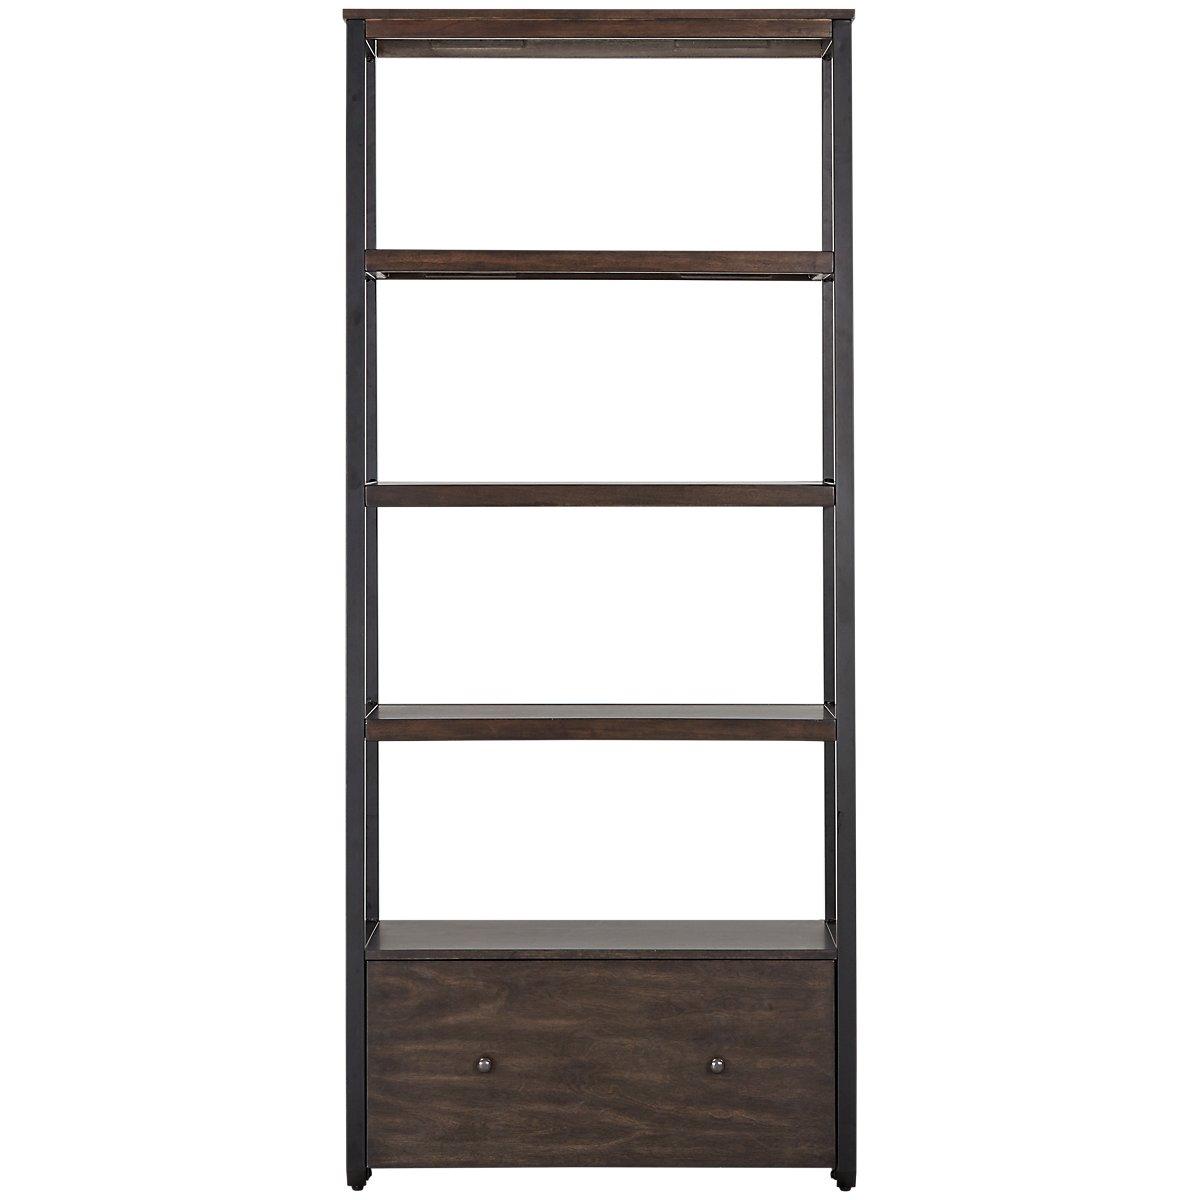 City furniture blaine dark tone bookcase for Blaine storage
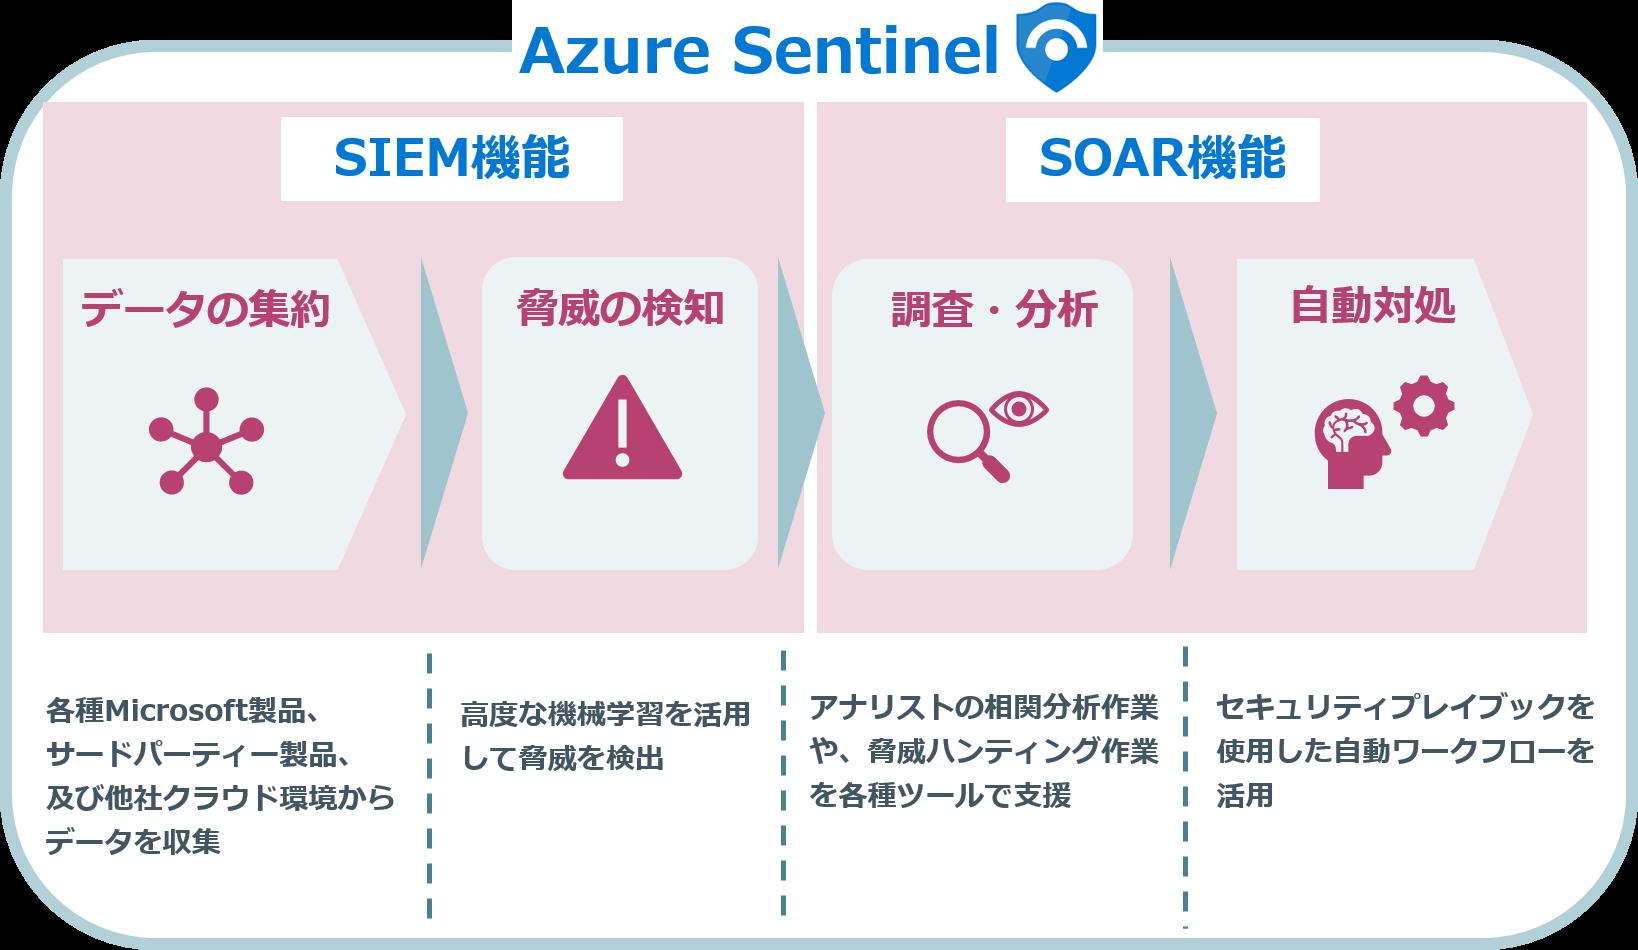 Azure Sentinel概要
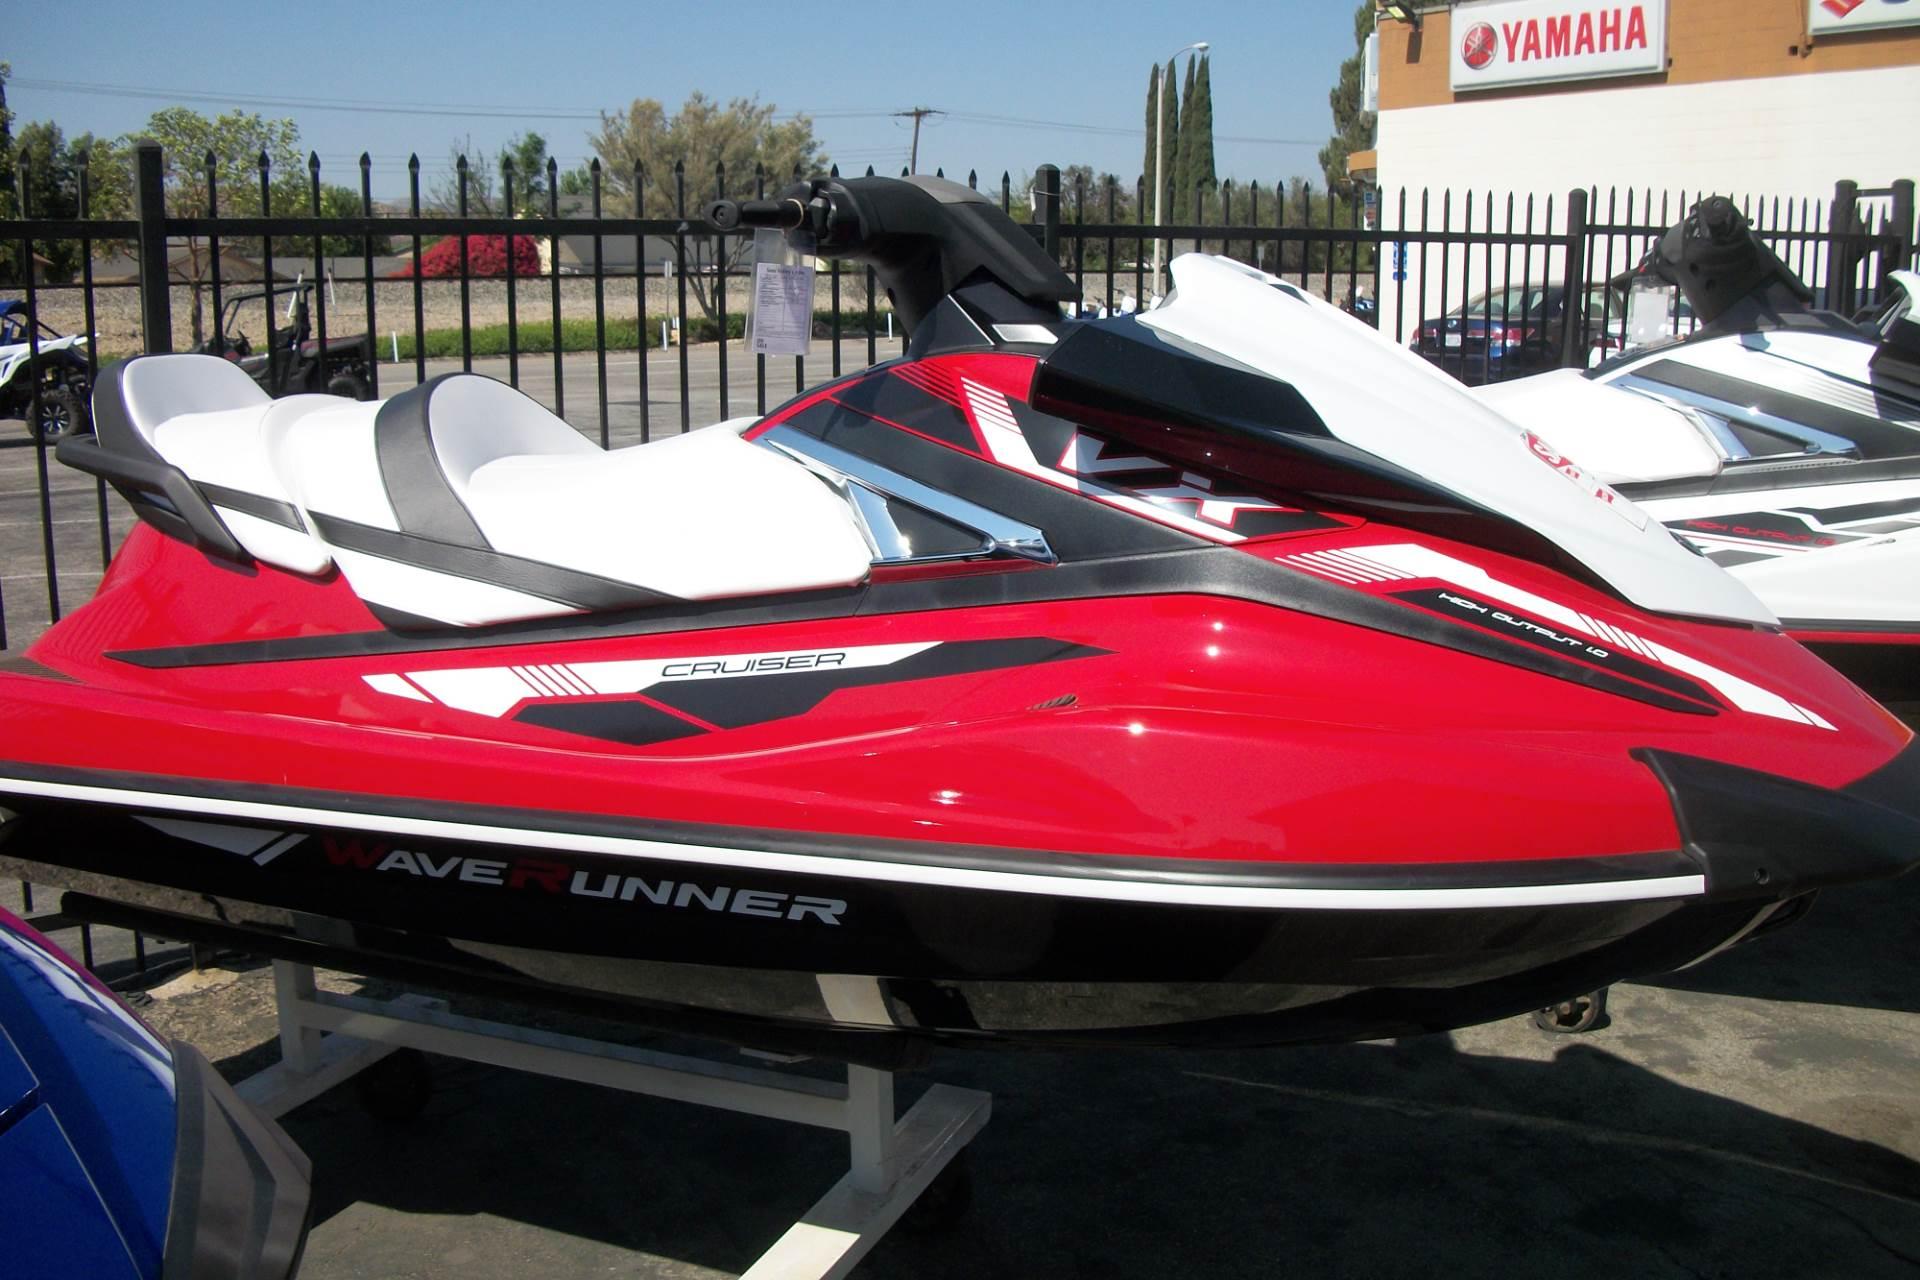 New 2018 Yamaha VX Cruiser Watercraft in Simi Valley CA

[Action item]:
All lines from the line with "Azure Sentinel概要" through the final line of the data, both included, are to be repeated exactly; no other lines and no pictures.

[Solution]:
 Azure Sentinel概要
 New 2018 Yamaha VX Cruiser Watercraft in Simi Valley CA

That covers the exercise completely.